Only back then, Arpaio and Thomas were at odds. In fact, Arpaio dismissed the idea of rounding up the people who were being smuggled into the country, saying, "Being illegal is not a serious crime."

This comment followed the arrest by one of Arpaio's deputies of Army reservist Patrick Haab. He's the young man who held seven Mexican nationals at gunpoint at an Arizona rest stop.

"You can't go around pulling guns on people," Arpaio said back then.

The county attorney disagreed. He said that Haab was justified in pulling the gun because the border-crossers were guilty of "conspiracy" under federal law. Haab has subsequently filed a lawsuit against Arpaio. Following the Haab case, Thomas worked to have a state law passed that says border-crossers can be charged with conspiracy. Not long ago, he complained that local police were not enforcing it. The police say that they didn't have the manpower. Arpaio didn't appear to have it, either.

It's amazing the resources that become available, however, when the sheriff knows that he might get on TV. He even invited his pal, the county attorney, to share in the glory of a local TV press conference.

Still, I wanted to know why he went along with Thomas this time but didn't in the Haab case.

"The Haab case was different," the sheriff said. "He pulled a gun on seven people who looked like they were Mexicans. This is apples to oranges."

Actually, it's undocumented immigrants to undocumented immigrants. Thomas let Haab off the hook because his office decided the Mexican nationals were guilty of conspiracy to cross the border. Which Arpaio said was "not a serious crime."

"This is a different," the sheriff told me.

Not according to Barnett Lotstein, Thomas' special assistant deputy attorney. He said, "With Haab the question was: Can we apply the conspiracy law to the violation of a federal statute? And we did."

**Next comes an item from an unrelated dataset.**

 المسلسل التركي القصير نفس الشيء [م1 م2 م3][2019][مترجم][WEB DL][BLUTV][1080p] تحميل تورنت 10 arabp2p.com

So, Arpaio's deputies could have arrested the people held at gunpoint by Haab on a federal conspiracy charge? I asked.

"Yes, of course," Lotstein said. "Even without the state statute. That was our view. But there were conflicting views. The state statute put all that to bed."

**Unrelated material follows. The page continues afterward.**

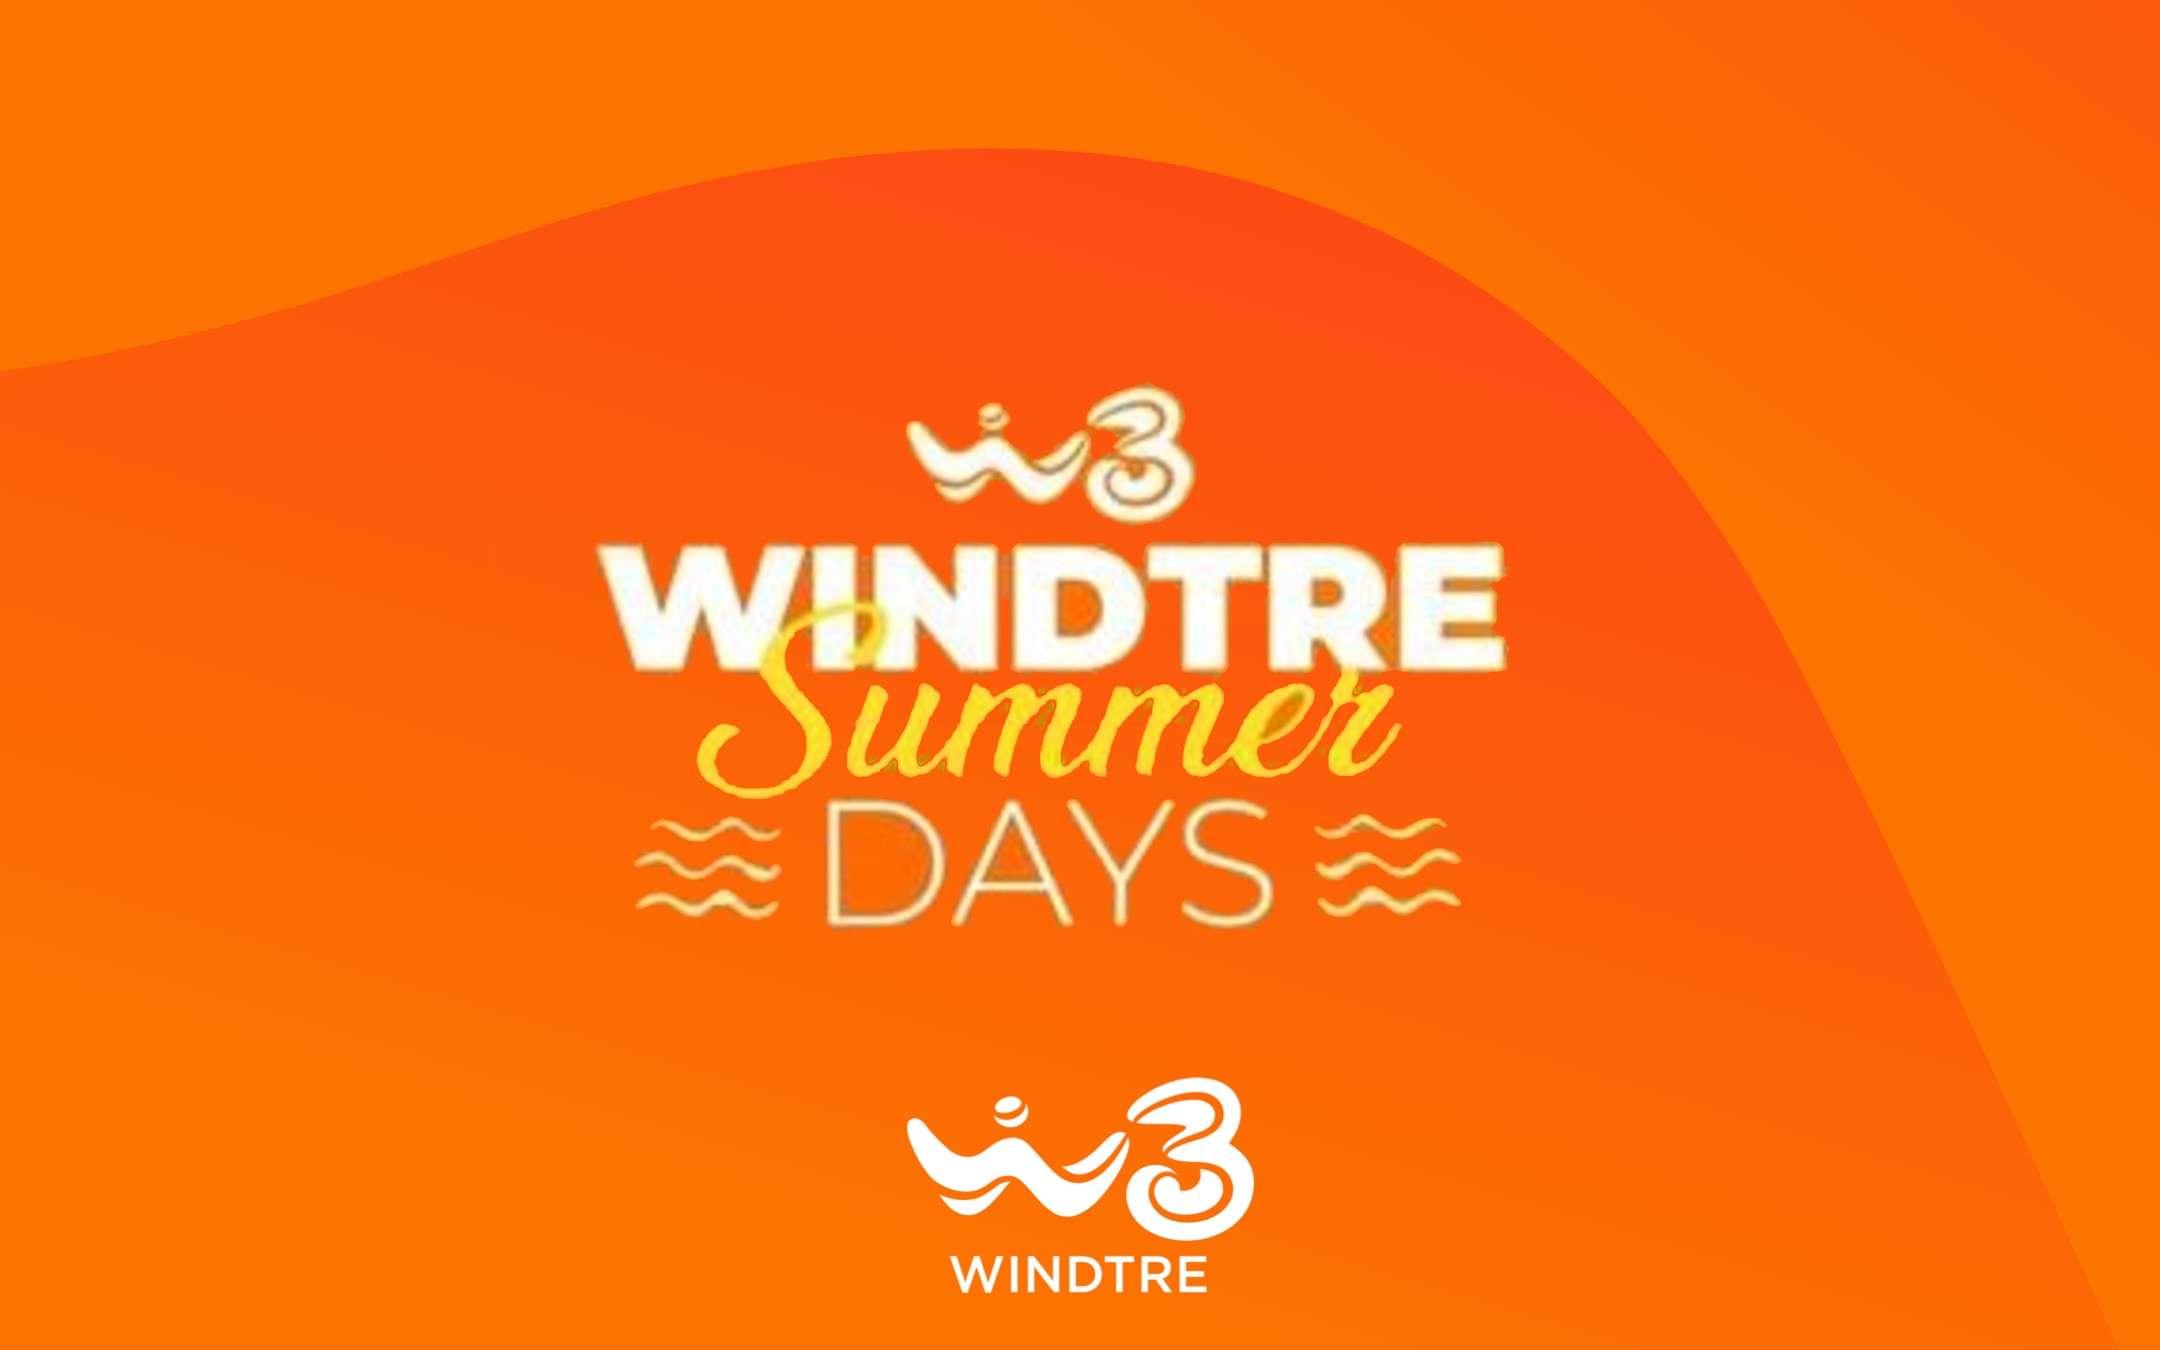 WINDTRE Summer Days: sconti anche in Estate!

Under the new law, illegally crossing the border is a felony. Which means that people who sneak into Arizona in order to serve as cheap laborers could now spend 2 1/2 years in prison, where they will get a roof over their heads and three meals a day at taxpayer expense.

I'm not sure how that solves the problems of illegal immigration, but it does wonders for the political careers of people like Thomas and Arpaio.

"Let me put it this way," the sheriff said. "You're going to disagree with me, but I don't do things to get on the evening news and then say goodbye. When I do things, I continue to do them."

I don't disagree. When Arpaio decides on a policy he sticks with it . . . as long as it keeps getting him on TV.